The project’s queer critique will investigate normativities at two levels of the social construction of Heritage:
(1) Queering the Public Construction of Jewish Cultural Heritage in the Public Sphere of European Societies, with attention to its possible marginalization and/or exclusion effects on contemporary Jewish communities.
(2) Queering the dominant constructions of Jewish Cultural Heritage as Jewish Heritage within contemporary Jewish cultures, with attention to the possible marginalization and/or exclusion effects on queer individuals and groups whose cultural identities and practices conflict at least partly with dominant values and norms.
Specific (sensory-)ethnographic empirical attention will be placed on
(1) the moment of engagement or moment of encounter (i.e. the moment of some form of contact with Heritage - be it conceptual or sensory) as an indicator of negotiating cultural difference, and on
(2) cultural productions that may involve queering reparative (i.e. healing, disidentificatory & utopian-potentiality-ladden) processes.

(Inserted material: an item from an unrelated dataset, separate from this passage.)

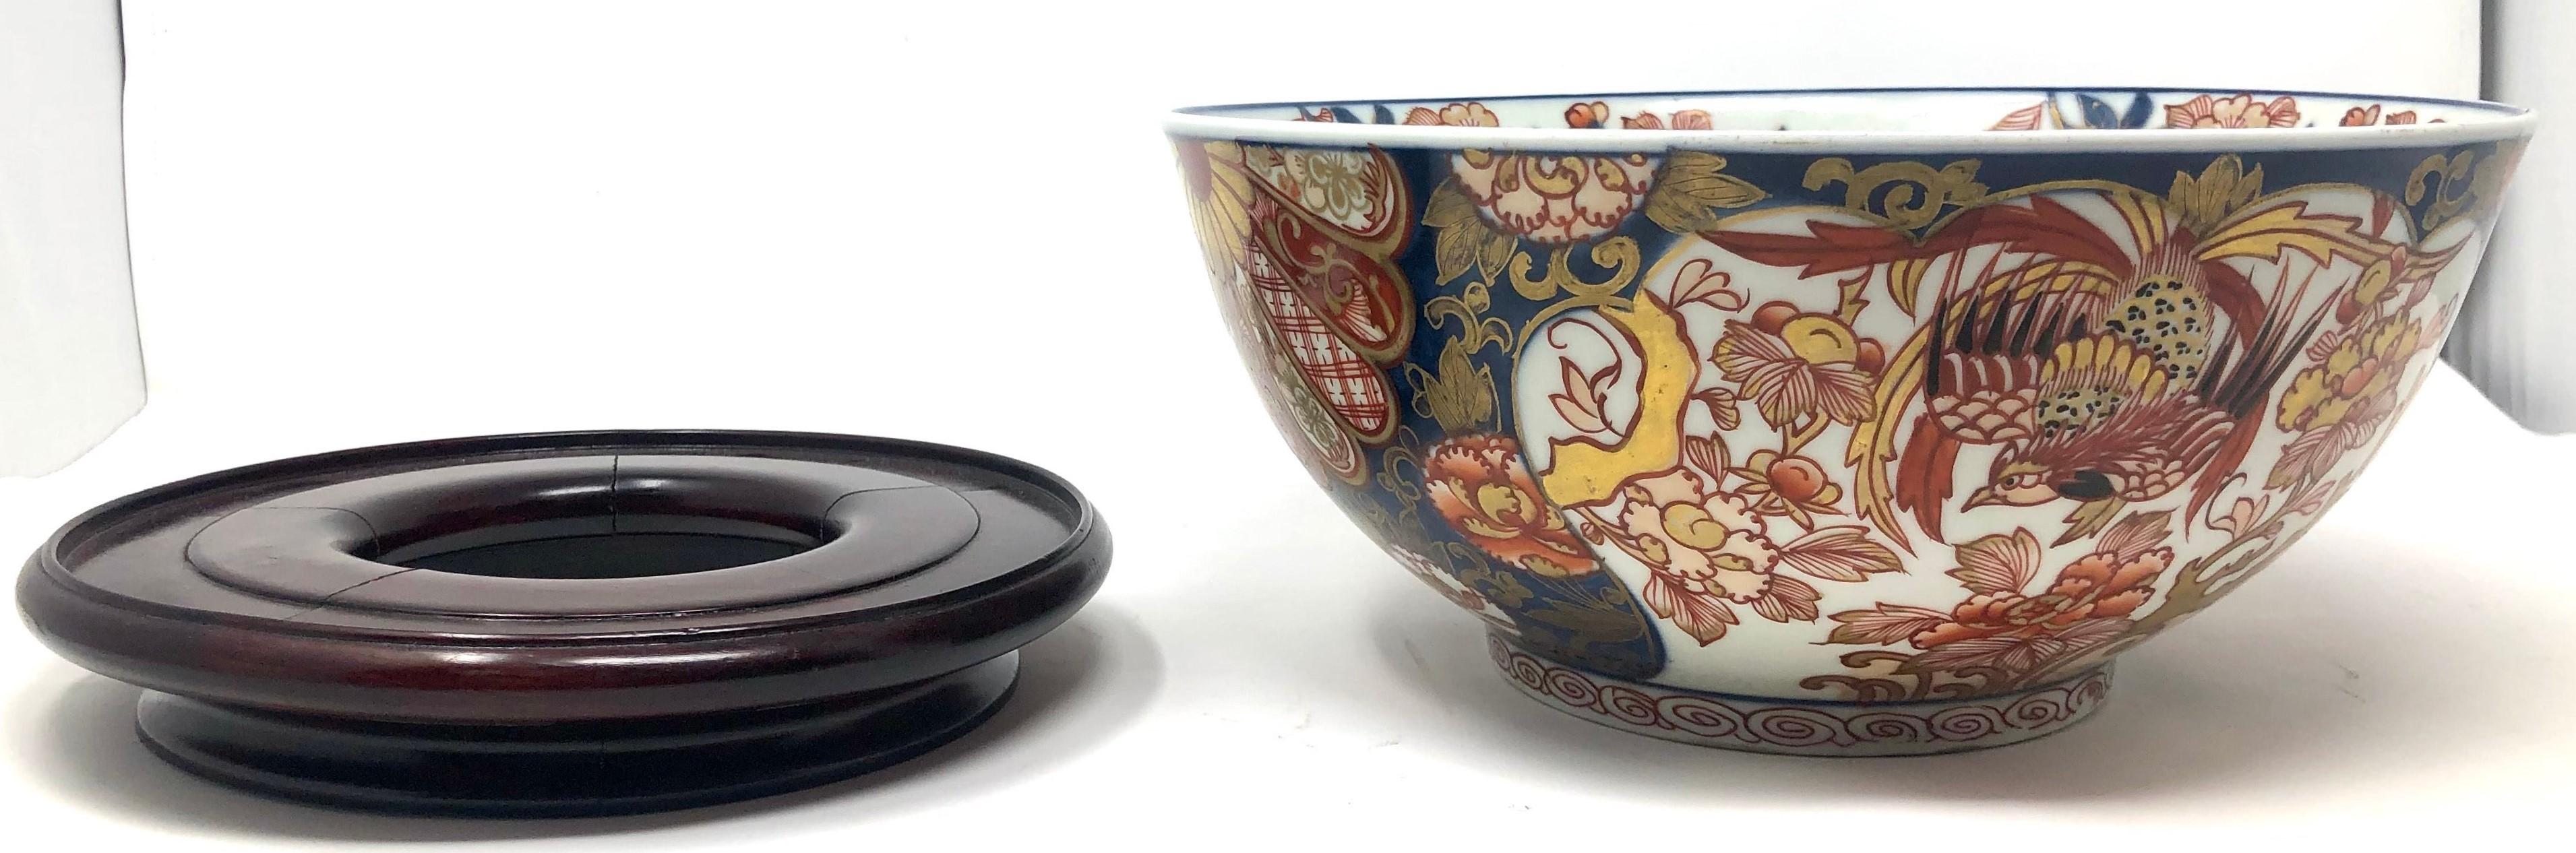 Antique Japanese Imari porcelain bowl on stand, Circa 1900.

The project will seek ways in which the treatment and presentation of Jewish Cultural Heritage can be made more equitable while allowing for a gamut of Jewish and queer agencies, developing rubrics & prototypes towards pluralist convivial constructions of Cultural Heritage.
Queer-Jewish intersections constitute an important example revealing the diversity and complexity of Jewish creation of heritage. This research will open up new topics in Jewish Studies and contribute to investigating the complex relationship of the small Jewish minority in Europe today to politics, policy and conventions in the wider Public Sphere.
In 2023, which was the project’s first full calendar year, besides the ongoing empirical fieldwork ongoing in several European countries, and the integration of preliminary research insights in graduate seminars at University of Hildesheim, Leuphana University Lüneburg and Concordia University, the initial outputs included the following:
Public lectures and Conference Presentations:
- 09.03.2023, Crowdus’ Keynote Speech “Hearing Religious Musicking as Intervention: Examples from the Quebecois Everyday”, at “Religion Performed”: Annual Graduate Interdisciplinary Conference, Concordia University.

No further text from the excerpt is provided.